Dimanche matin, le village était toujours coupé en deux. Impossible de rejoindre Pont-d’Hérault dans le bas de la vallée où s’est installé le QG des pompiers. Pour l’heure, on déplore deux disparitions. Une infirmière sur la route, emportée avec sa voiture par le flot dévalant de la montagne. L’automobiliste de 64 ans portée disparue est toujours recherchée. « Les reconnaissances se poursuivent », y compris par hélicoptère, a déclaré le responsable communication des sapeurs-pompiers du Gard, Éric Agrinier. Dans la matinée de dimanche, on apprenait également qu’un homme, pratiquant le trail, manquait à l’appel. Il se trouvait dans le secteur de Pont-d’Hérault.
Au total, une quarantaine de sauvetages ont été réalisés dont six par hélicoptère. 200 personnes ont été mises en sécurité à Valleraugue. Plusieurs hameaux de la commune de Val d’Aigoual (née de la fusion entre Valleraugue et Notre-Dame-de-la-Rouvière) et de la vallée n’ont plus d’eau potable, ni d’électricité. Certains sont isolés en raison de la fermeture des ponts qui doivent être contrôlés. La sous-préfète du Vigan, Mme Gros, s’est rendue sur les lieux. On évoque même la descente d’un ministre. Le territoire devrait être déclaré en état de catastrophe naturelle. Mais on mesure bien ici ce que les paroles officielles ont de rhétorique.

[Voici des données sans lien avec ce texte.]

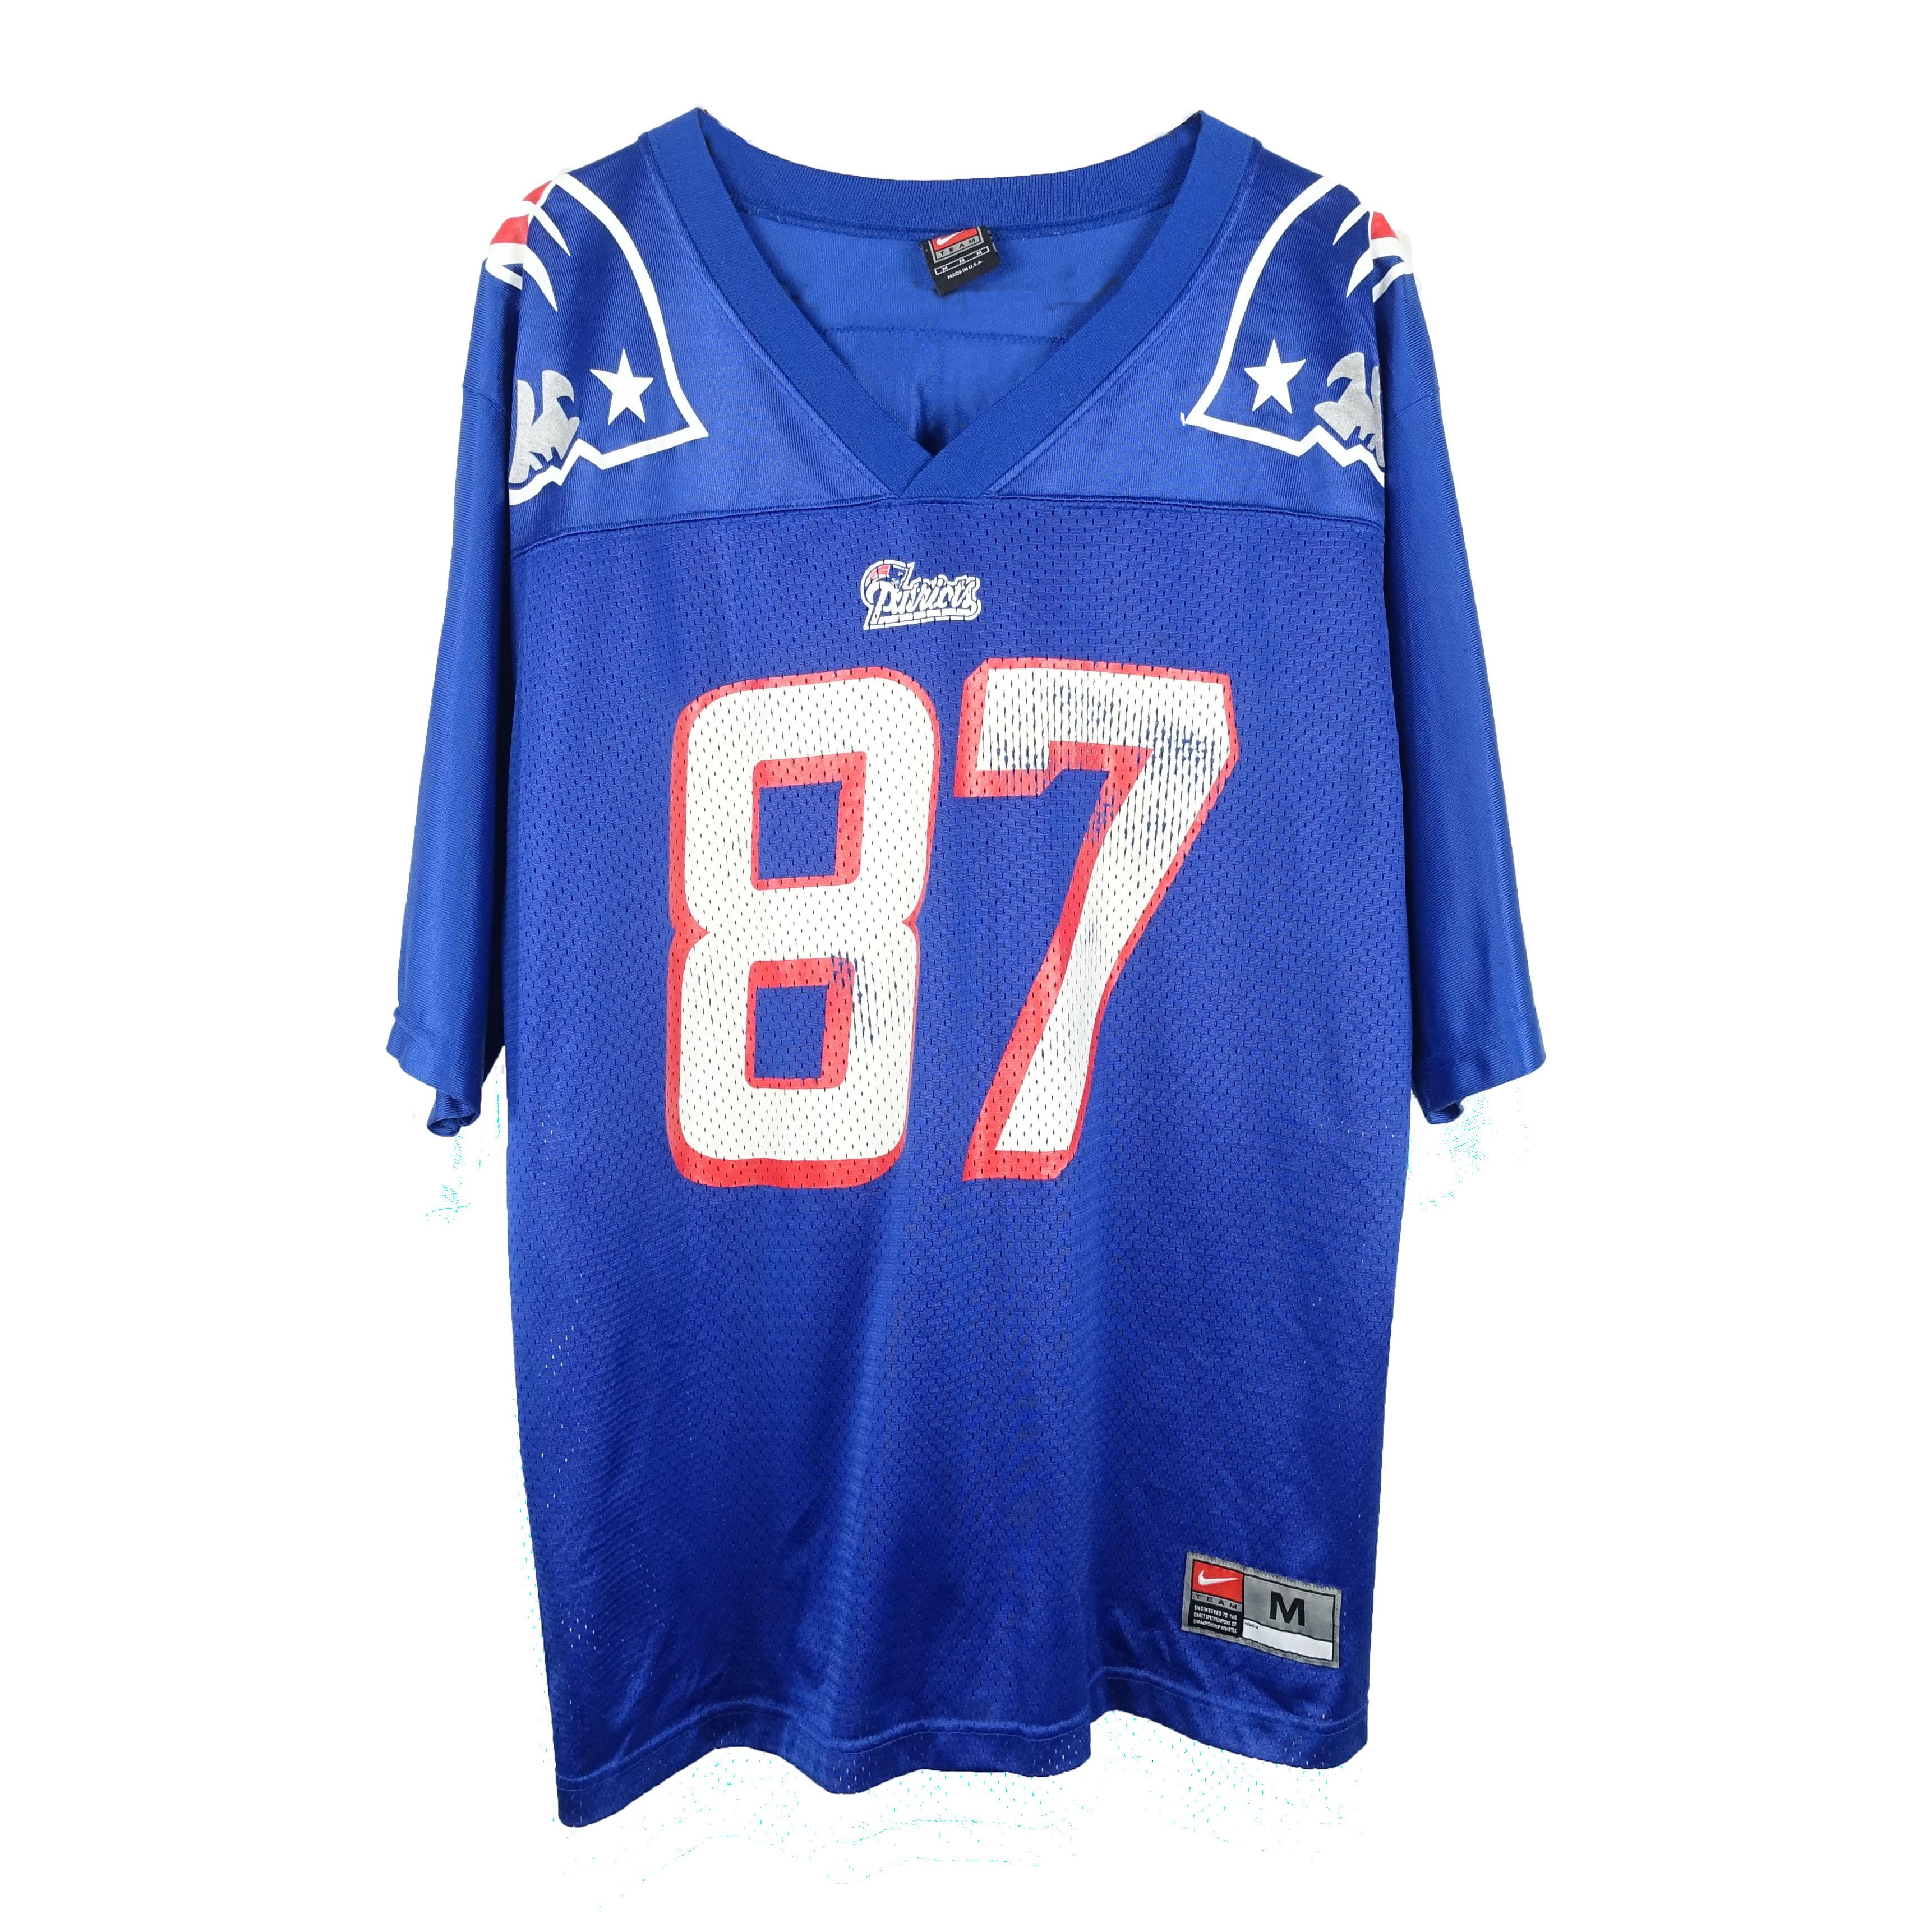 Nike 90s Nike Ben Coates #87 New England Patriots NFL Jersey

Au-delà des discours convenus
Il faudra attendre le sonnant et le trébuchant pour mesurer l’ampleur des dégâts matériels. Pour l’heure, l’important est de se mettre au travail pour sauver ce qu’on peut et reconstruire. Cette attitude typiquement cévenole fait ressortir que la politique menée dans le domaine préventif à l’échelle individuelle apparaît non seulement comme la meilleure garantie de se prémunir contre les risques naturels mais qu’elle constitue également un moyen essentiel de maîtrise des coûts et de prétention de vivre, c’est-à-dire de vivre une existence authentique dans la plénitude de sa personnalité.
En Cévennes, l’autonomie de l’individu et le travail fondent un mode de vie. Assez éloigné d’un certain modèle de consommation et des images politico-économiques de la modernité engluées dans d’inextricables contradictions. Les rêves publicitaires du monde capitaliste ont assez peu de prise en Cévennes, peut-être parce que les transformations qu’ils ont générées ont fini par destituer les modèles qui faisaient sens ici. Et que s’il importe de les réinventer, il faudrait aussi les adapter à la vraie vie des gens d’ici.
Avec sobriété et un sens classique de la retenue, les habitants de la vallée font face à la colère de la nature par le travail et la solidarité. Cela paraît plus simple que de se débattre dans le filet des contraintes d’un système en oubliant qui l’on est. Ou au sein d’une époque qui déracine et ravage avec plus de force qu’une rivière en crue. Ici, le désastre naturel donne lieu à une réconciliation des hommes et des femmes pour repartir, ou plus simplement à un peu de lucidité.